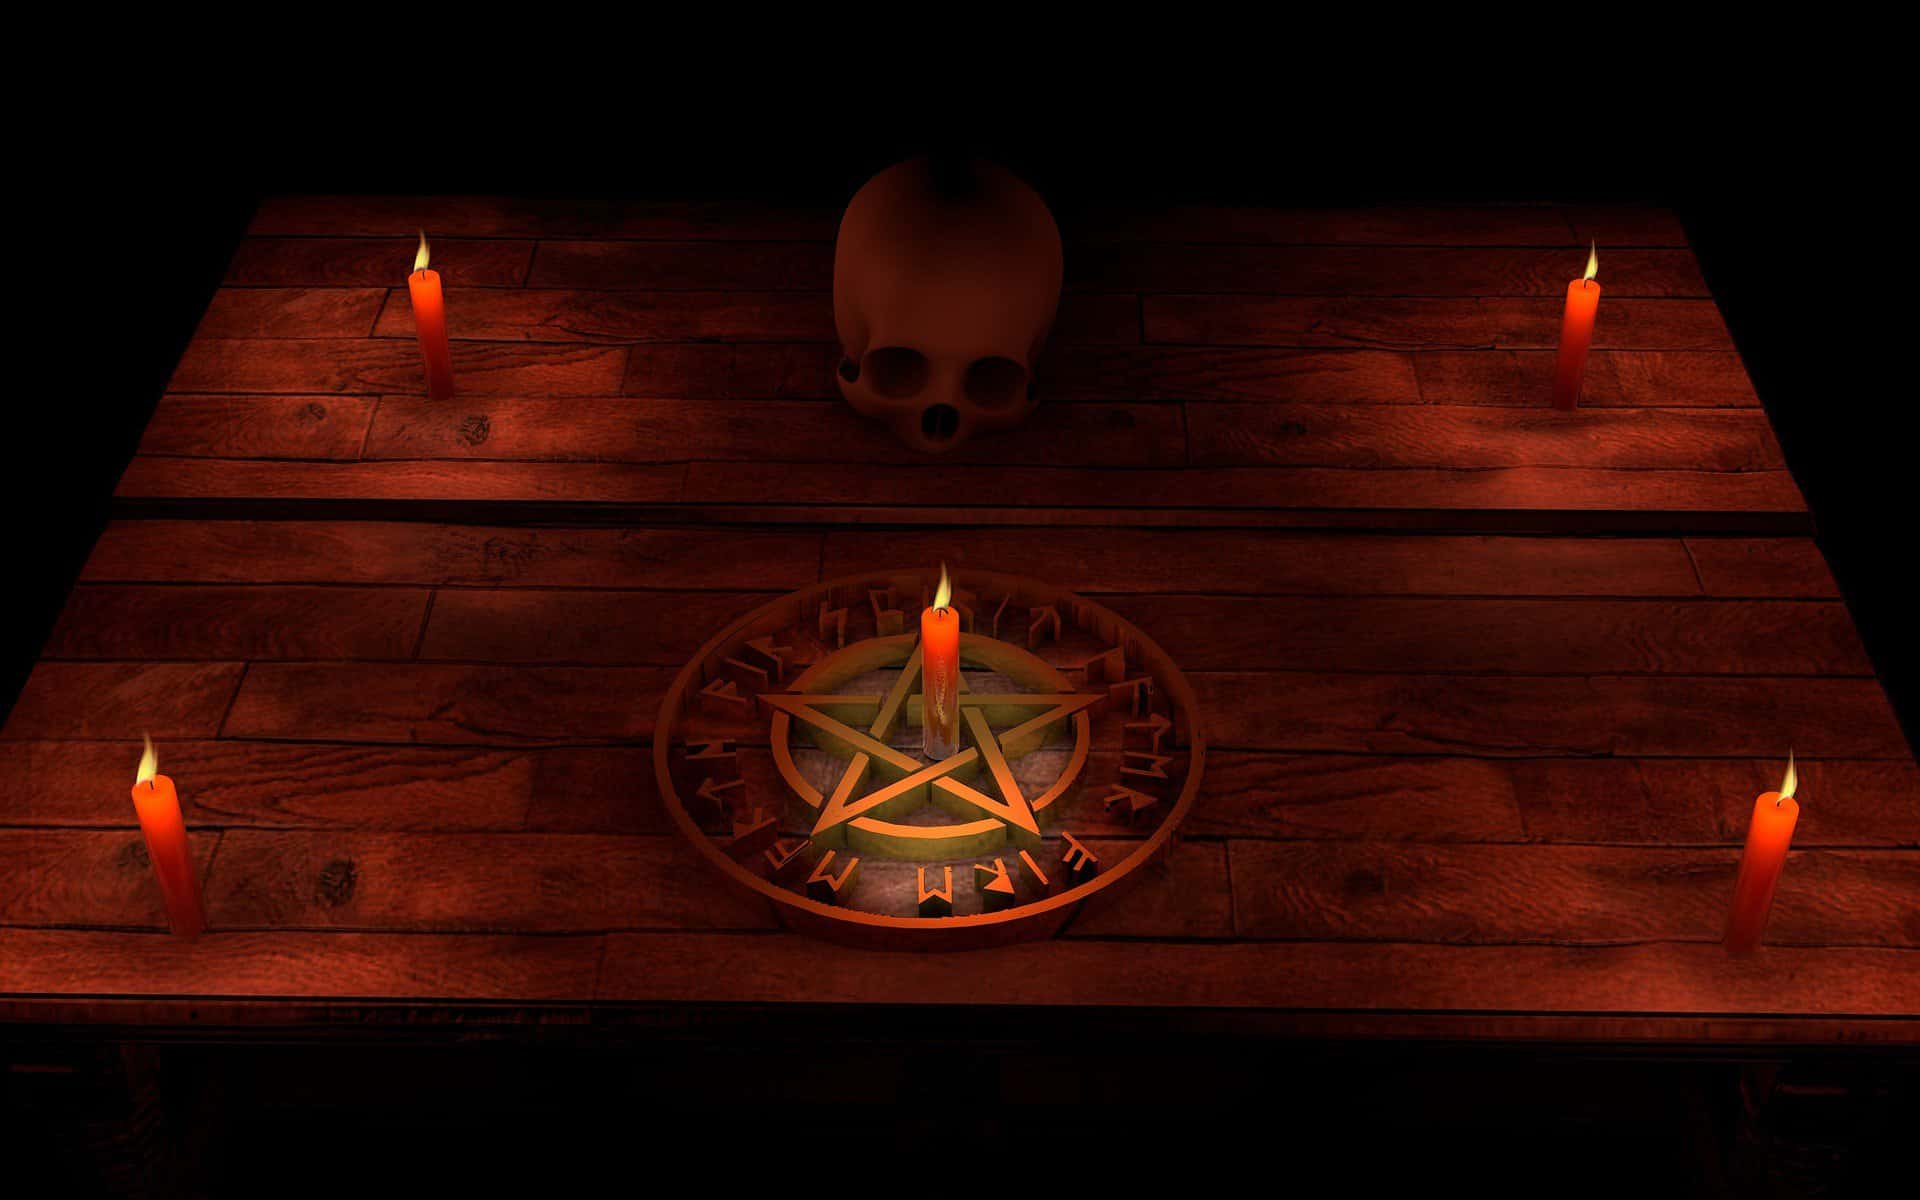 A pentagram is shown with a red candle in it's center, surrounded by other red candles and the whole image has a red cast.
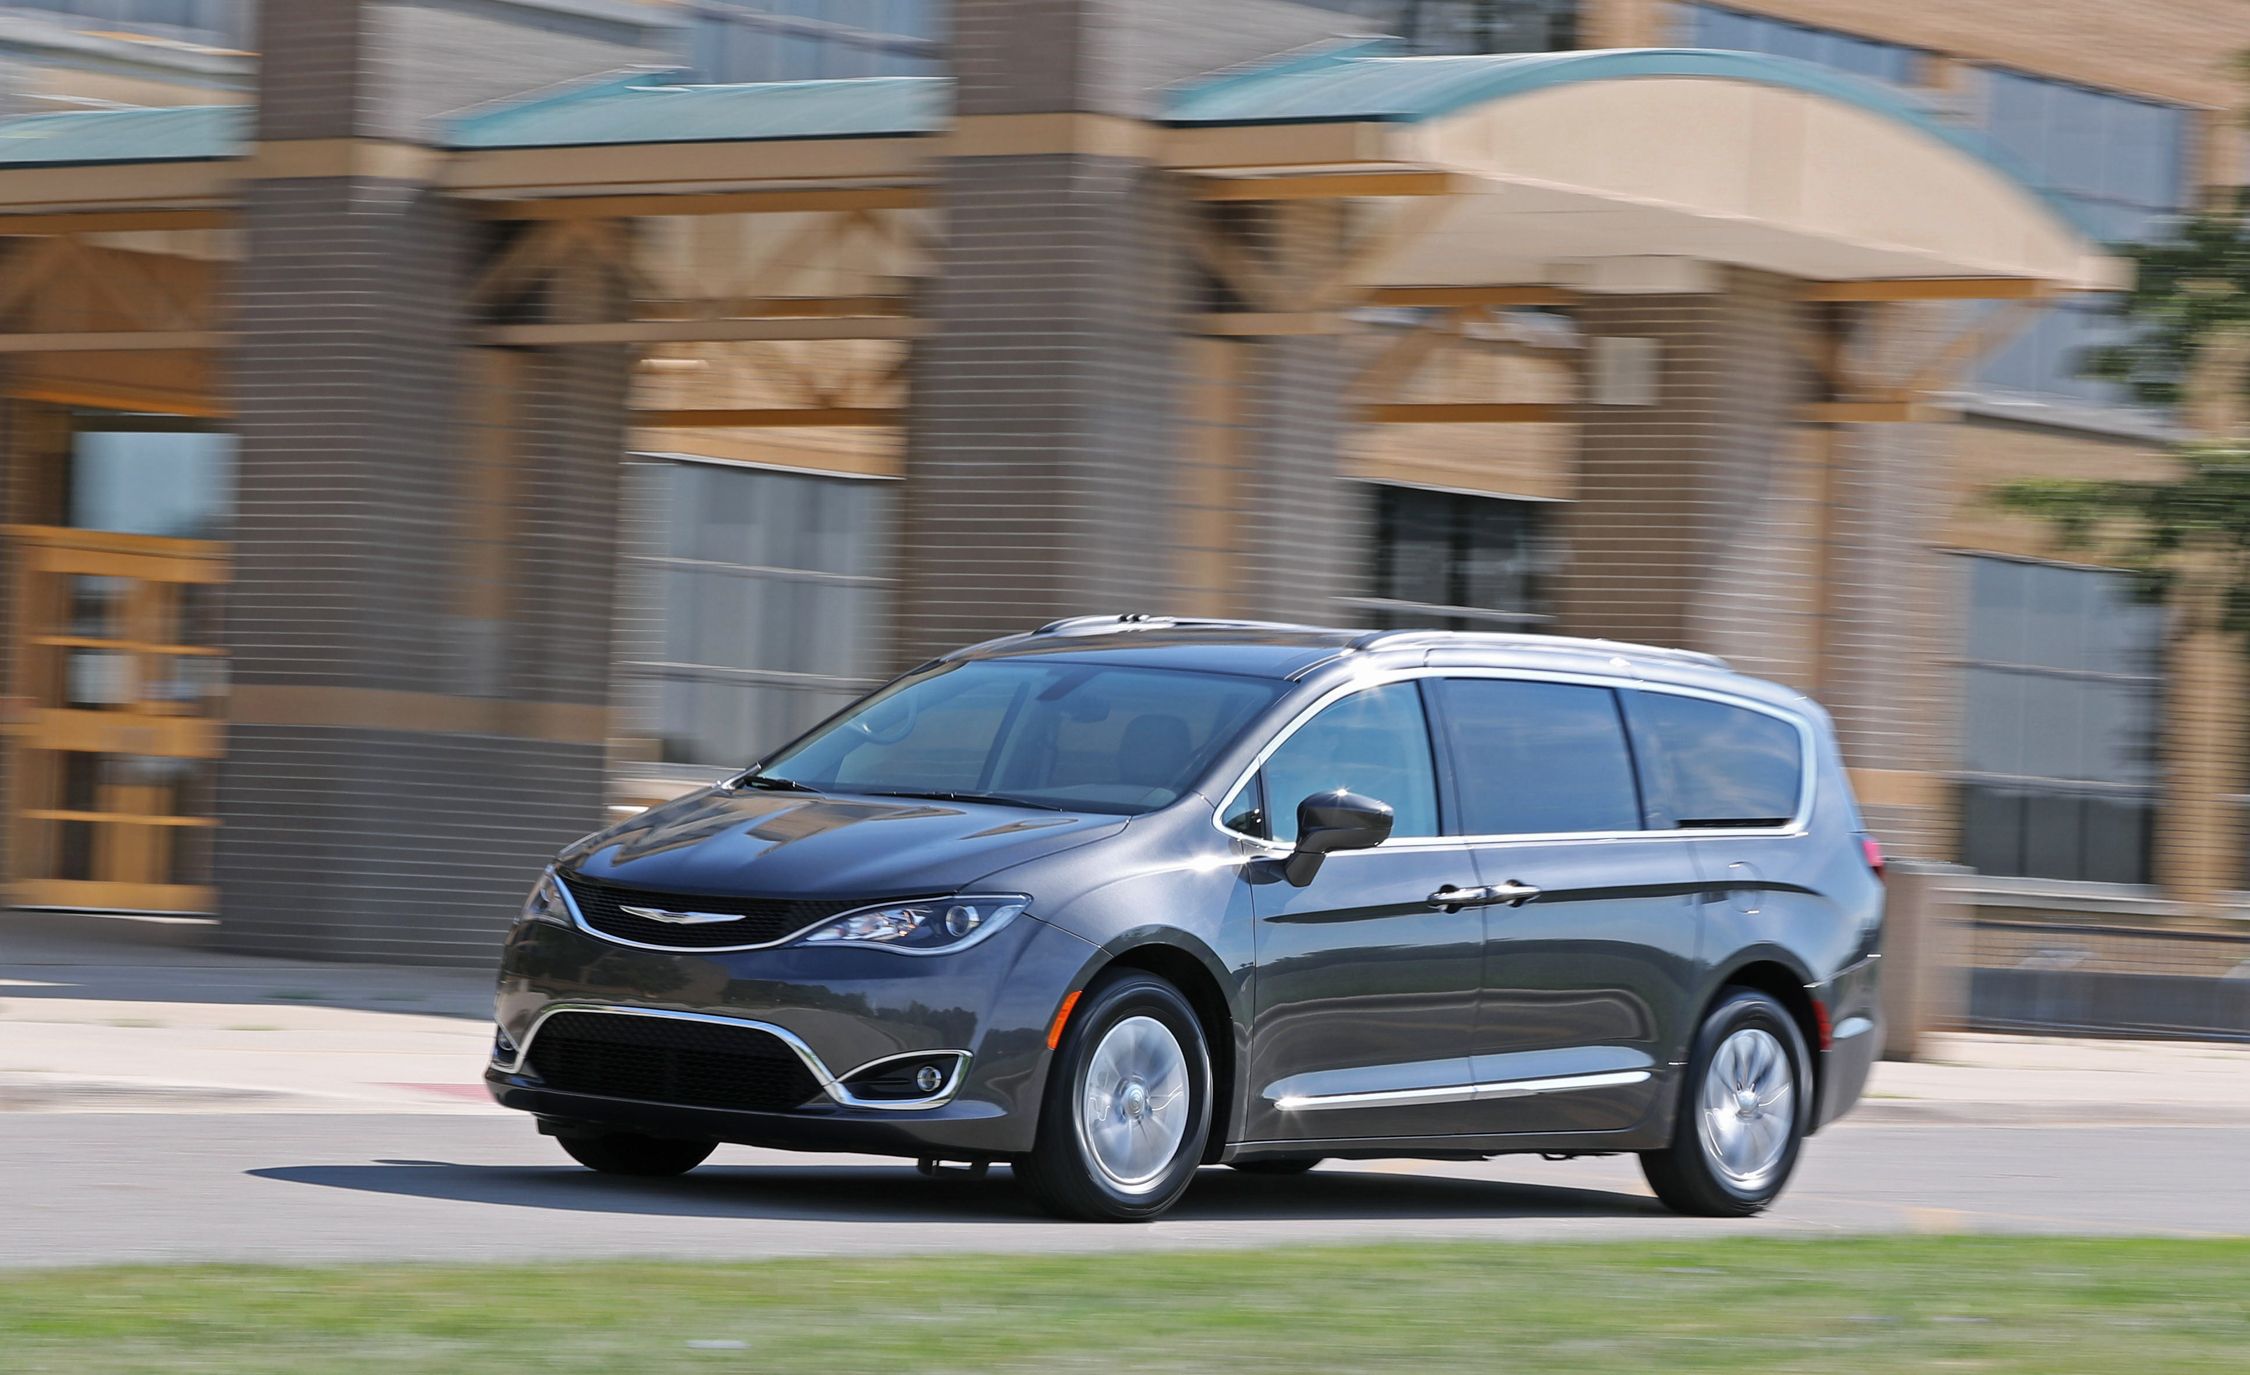 2017 Chrysler Pacifica Test Drive (View 19 of 25)
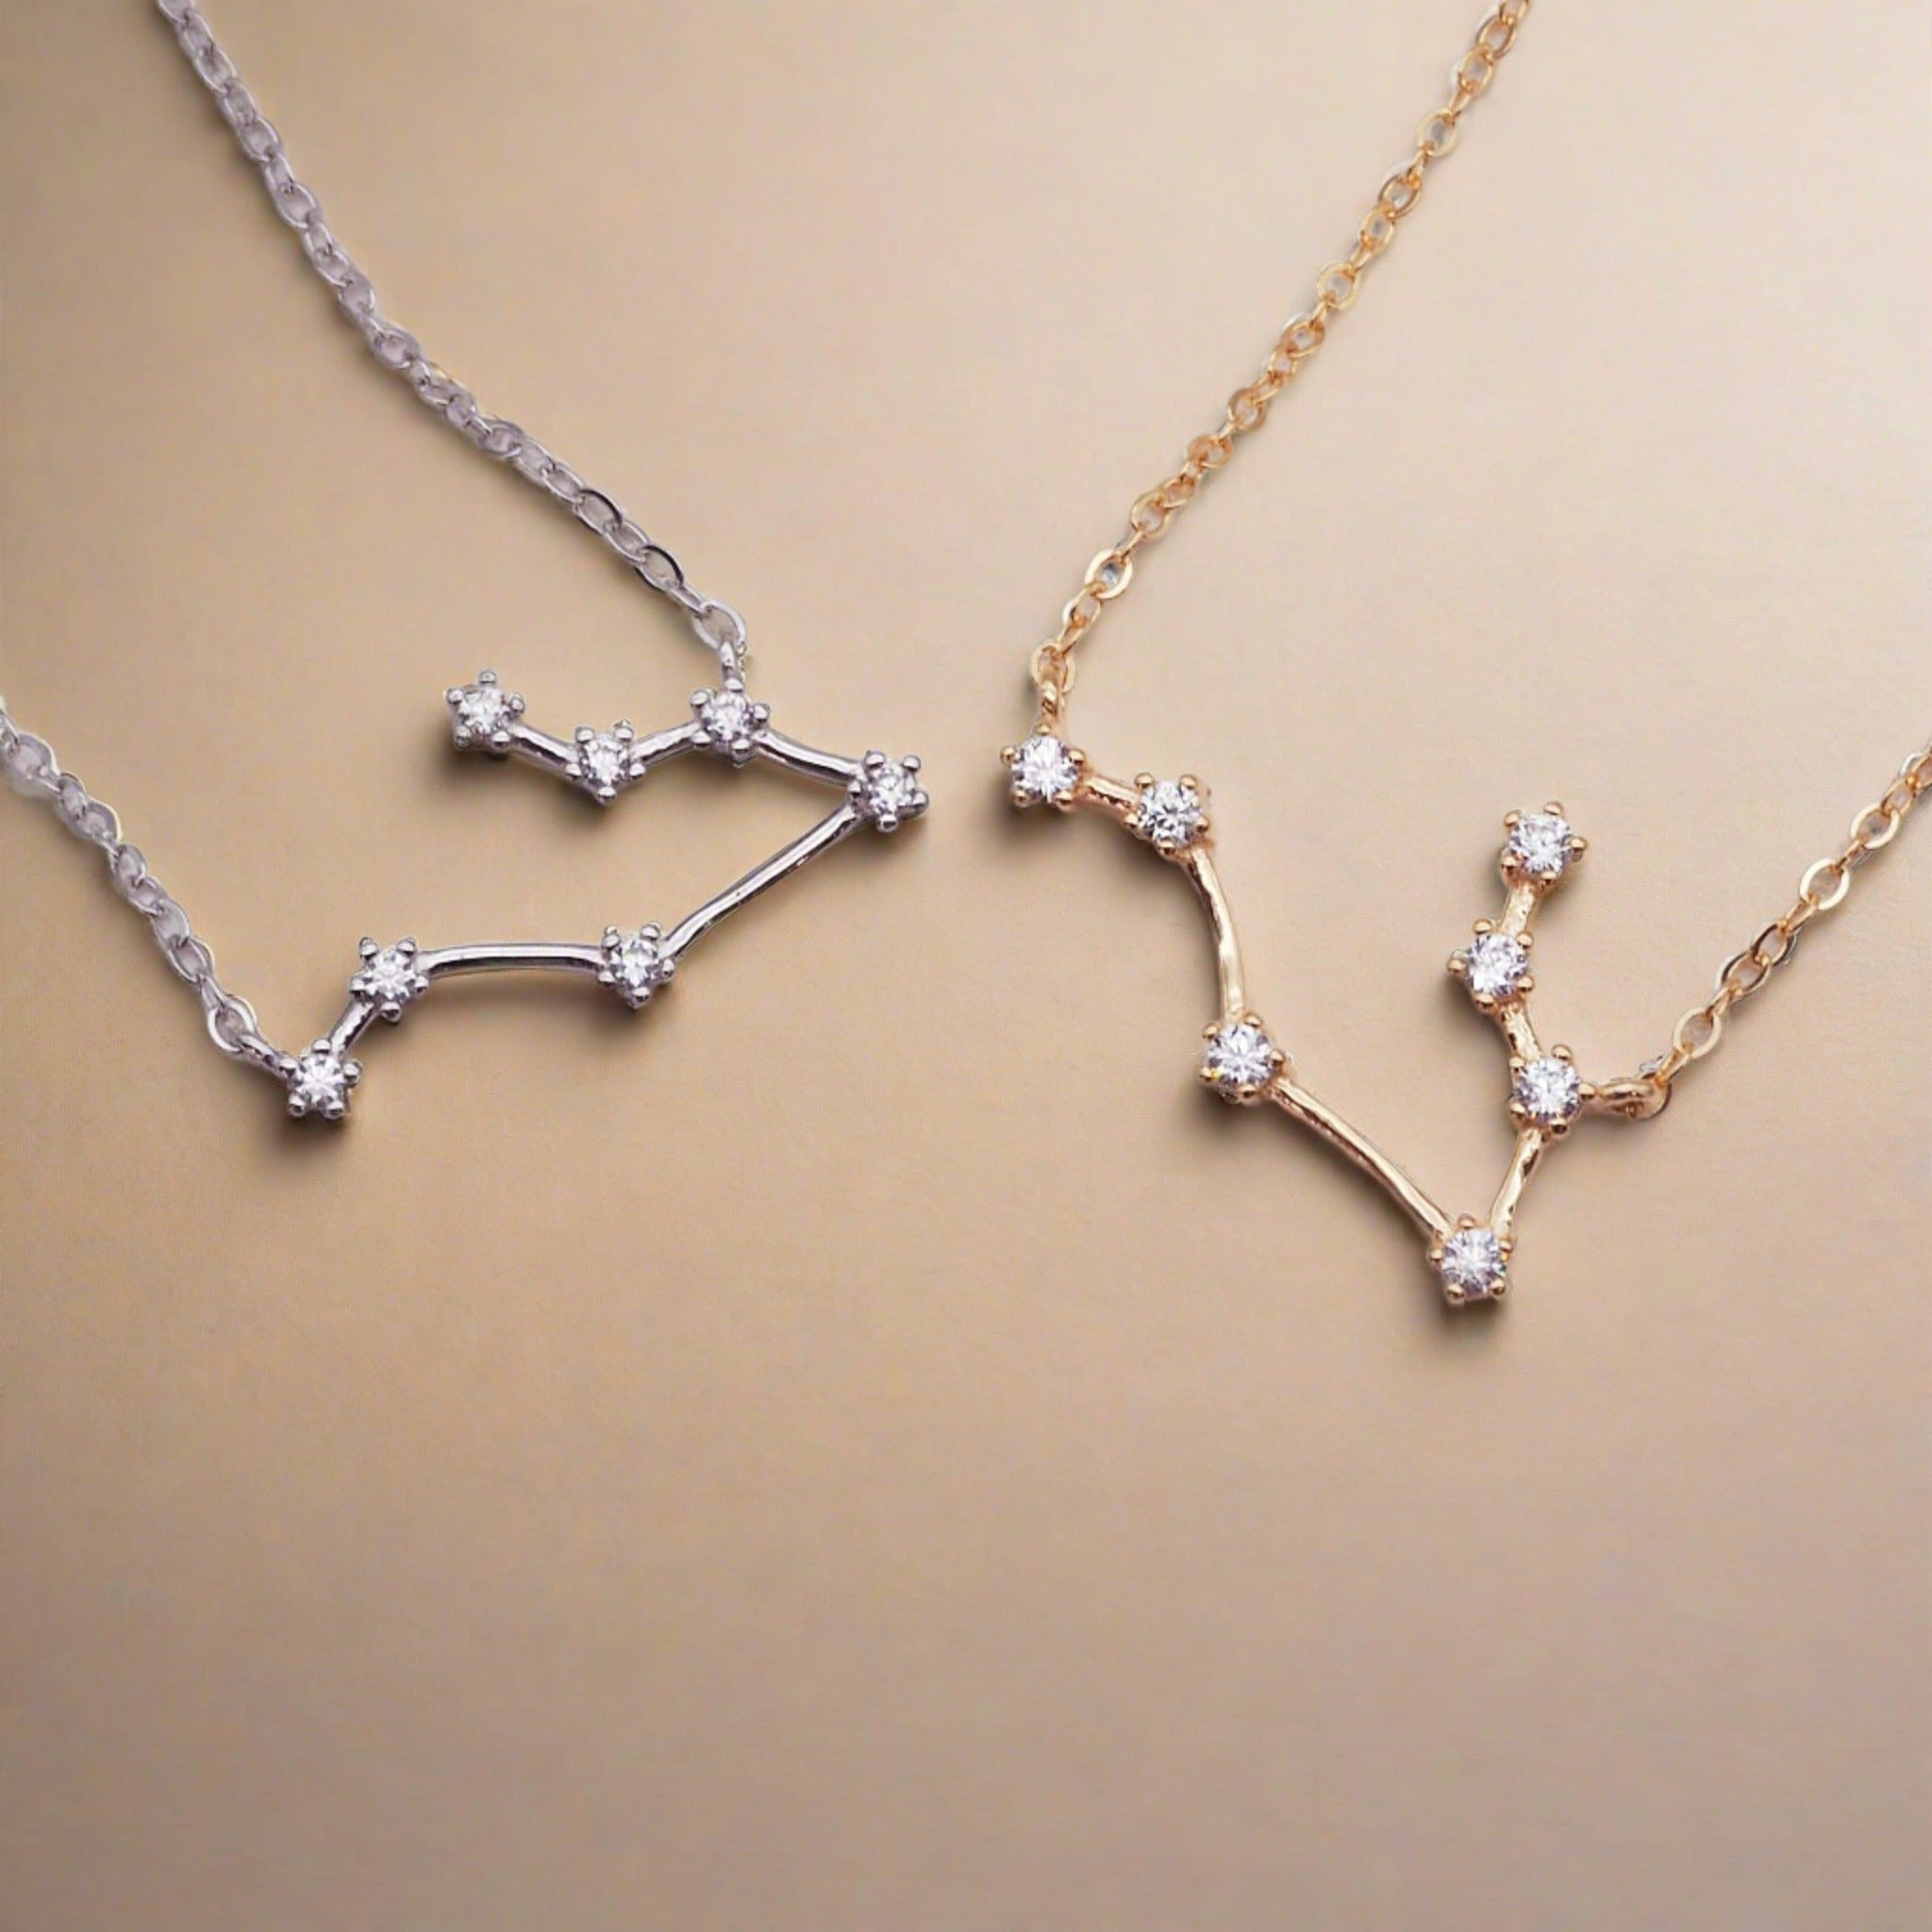 Gemini Constellation Necklace - womens jewellery by indie and harper

——————————

Would you return all of the data above word for word, omitting every picture?

Exercise response:
 A pentagram is shown with a red candle in it's center, surrounded by other red candles and the whole image has a red cast.
 2017 Chrysler Pacifica Test Drive (View 19 of 25)
 Gemini Constellation Necklace - womens jewellery by indie and harper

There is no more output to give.